January 18, 2007
Does anyone know where I can get my hands on a cannon that’s suitable for launching 140 pound adult males? If so, just shoot me a quick email outlining the details. Thanks.
Maybe those first few lines gave it away, I really don’t know. But just in case they didn’t, let me bring you up to speed—Jared’s on my schnit list. If you’re curious about the events that led to this spousal classification, then read on my friends. Read on.
Until we settle into a place of our own, we’re living in a house that’s completely furnished. It’s a total bonus, considering the fact that the bulk of our own furniture has either come from Ikea, Target, yard sales, or generally sketchy circumstances. For example, we once bought a couch and a love seat, brand new, for five hundred dollars. We bought them from Dallas Furniture Warehouse—you know, the kind of store that had the same faded GRAND OPENING sign hanging in the front window for three and a half years.
After we paid for the furniture, we were like, “Hey. You gave us an awesome deal on this furniture. How can you sell stuff for this cheap and still make money?” The salesman stalled in answering our question as his eyes fearfully widened. Then he slowly looked over each shoulder—you know—just to make sure there weren’t any cops listening, and he was like, “I can’t tell you how we get our stuff, but if you want a deal on some coffee tables, come back next Tuesday at nine-thirty…PM.”
We went home and promptly cancelled that credit card.
Maybe the furniture was stolen, maybe not. But either way, the couch kind of sucked. It was totally squeaky, and the arm fell off of it when we moved four blocks a few years ago. We left the set in Texas with our friends Matt and Shayli—lucky dogs. And right now, if they’re reading, I’d like to let them know that we claim absolutely no responsibility for any accidents that occur as a result of using that crappily made furniture. If the couch has fleas, smells like onions, or falls to pieces when your ninety pound Grandma sits down, then take it up with John and Carl and the Dallas Furniture Warehouse, not us.
The bottom line is this…with the exception of our bed, every piece of furniture that we own stinks. So living in a nicely furnished place is riveting, captivating, exciting, and just plain awesometronic. The only problem we’ve come across so far is the bed. We’ve been reduced from our queen sized pillow top to a full-size mattress that was produced in—oh, I don’t know—1904?

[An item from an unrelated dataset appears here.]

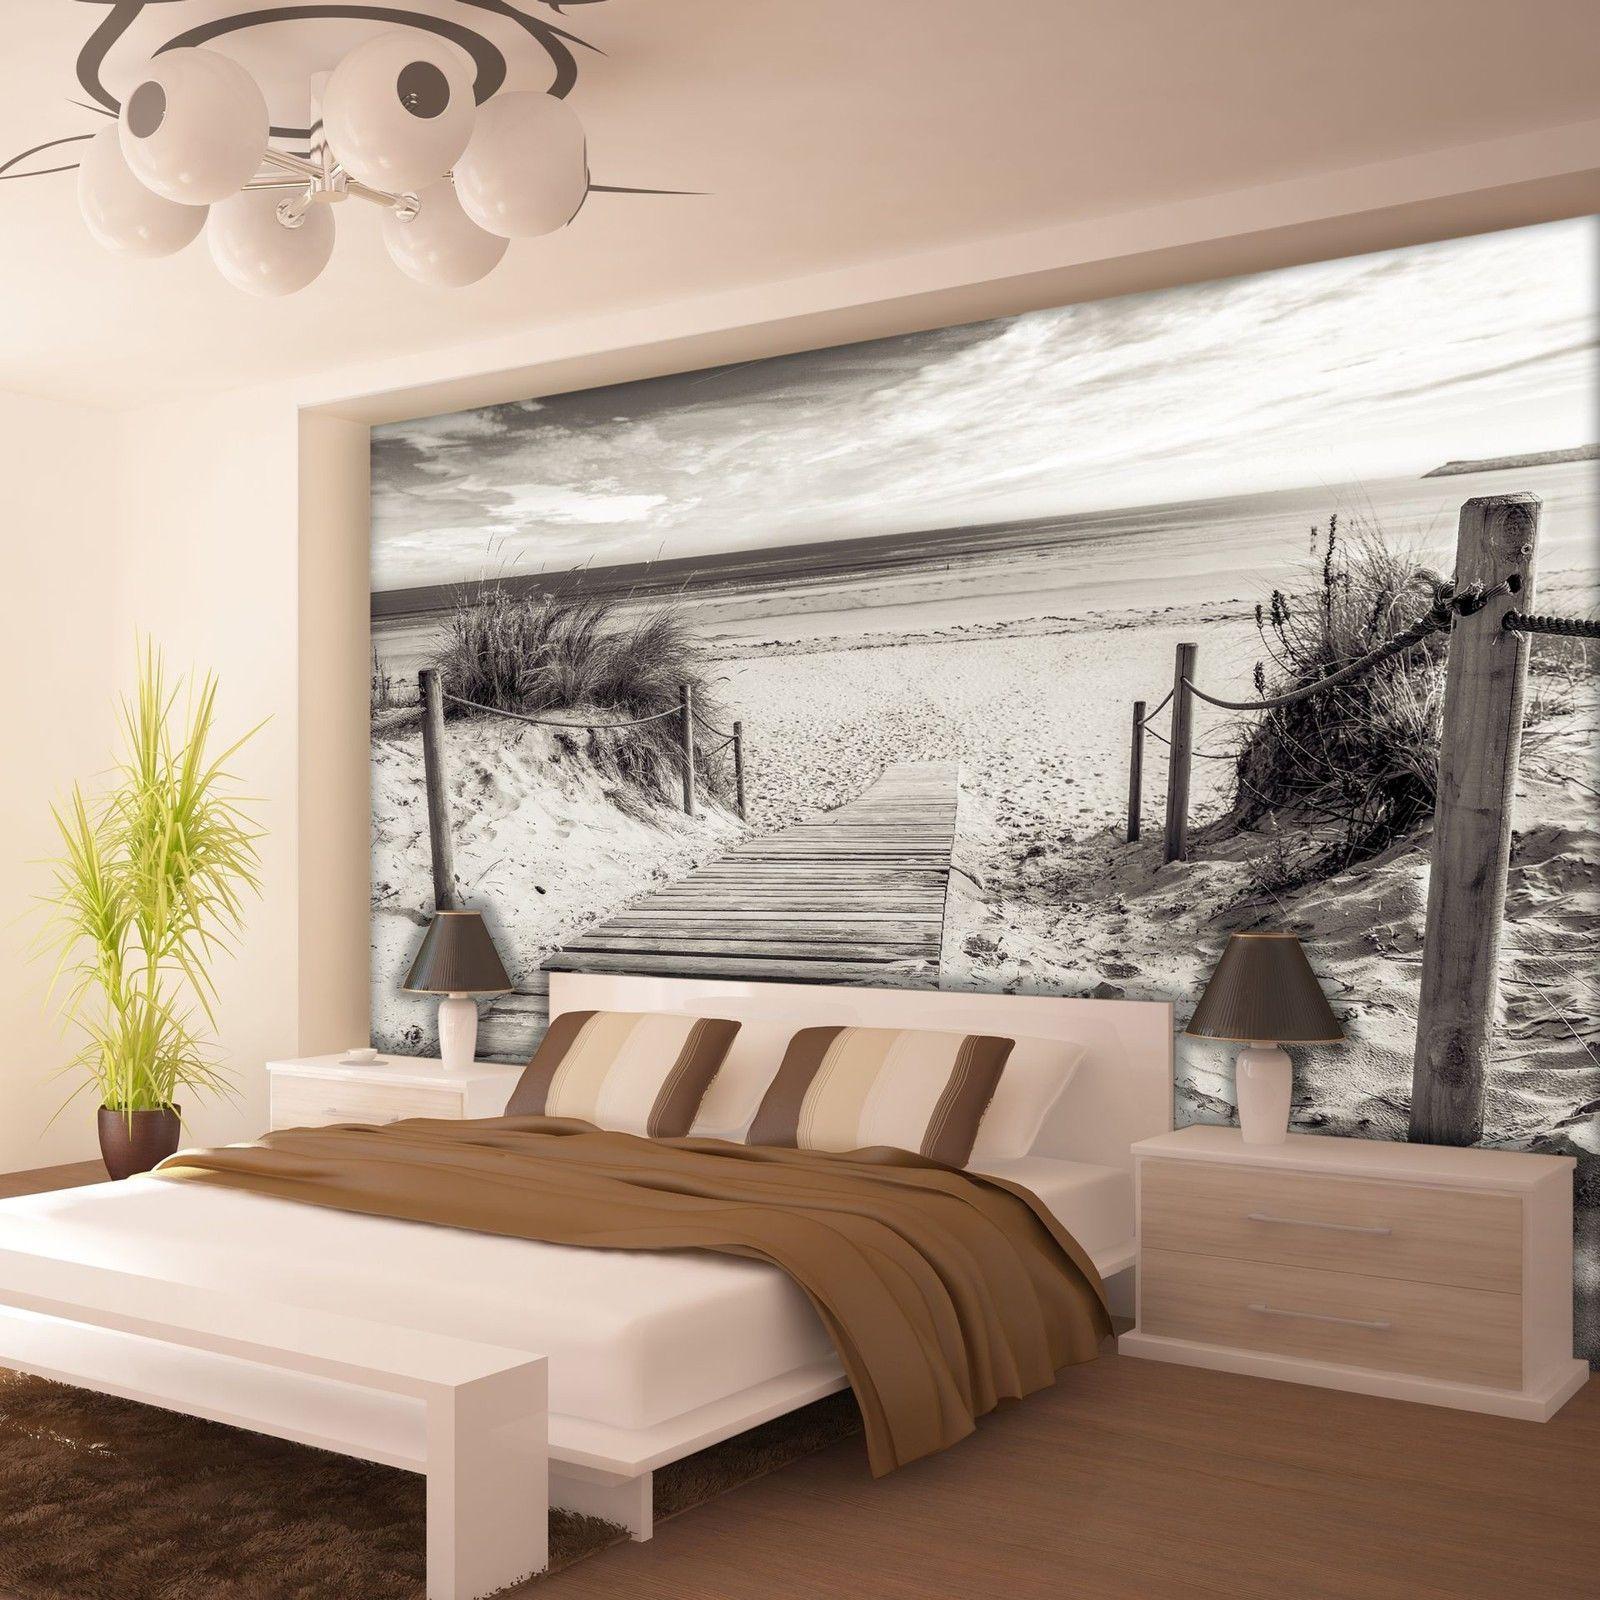 Home interior tapeten design fototapete fototapeten tapeten strand sand meer sommerferien

It’s small, it’s cramped, and it has a divot in the middle that tends to bring the Grand Canyon to mind. And seriously folks, I don’t care if you’re thinner than a damn piece of angel hair spaghetti, a full size bed is not suitable for two grown adults—especially a full sized bed with a divot.
You see, the divot in this mattress is only large enough for one of us to land in, leaving the displaced spouse with two options: 1) Sleep on top of the spouse in the divot; or 2) Fall asleep while balancing on the uphill portion—or edge—of the bed.
Jared is a total divot hog. Last night—and every night that we’ve been here for that matter—he’s settled into the divot, staunchly refused to move, and gotten very, very angry any time I’d accidentally roll into his coveted dent. And last night, around 3:30, I rolled into his divot for the very last time. You see, I lost my balance from my perch on the edge of the bed, rolled into his sunken space, and in one sleepy motion Jared pushed me off the bed, into the air, and onto the floor.
Yes, I fell out of bed. Well no—I was pushed out of bed, and dang y’all, 150 pounds hitting wall-to-wall carpet is louder than loud.
So, this new turn of events leaves me—the displaced spouse—with two options: 1) Sleep on the couch; or 2) Get rid of Jared and officially make the divot my territory.
So seriously, does anyone know where I can get my hands on a circus cannon?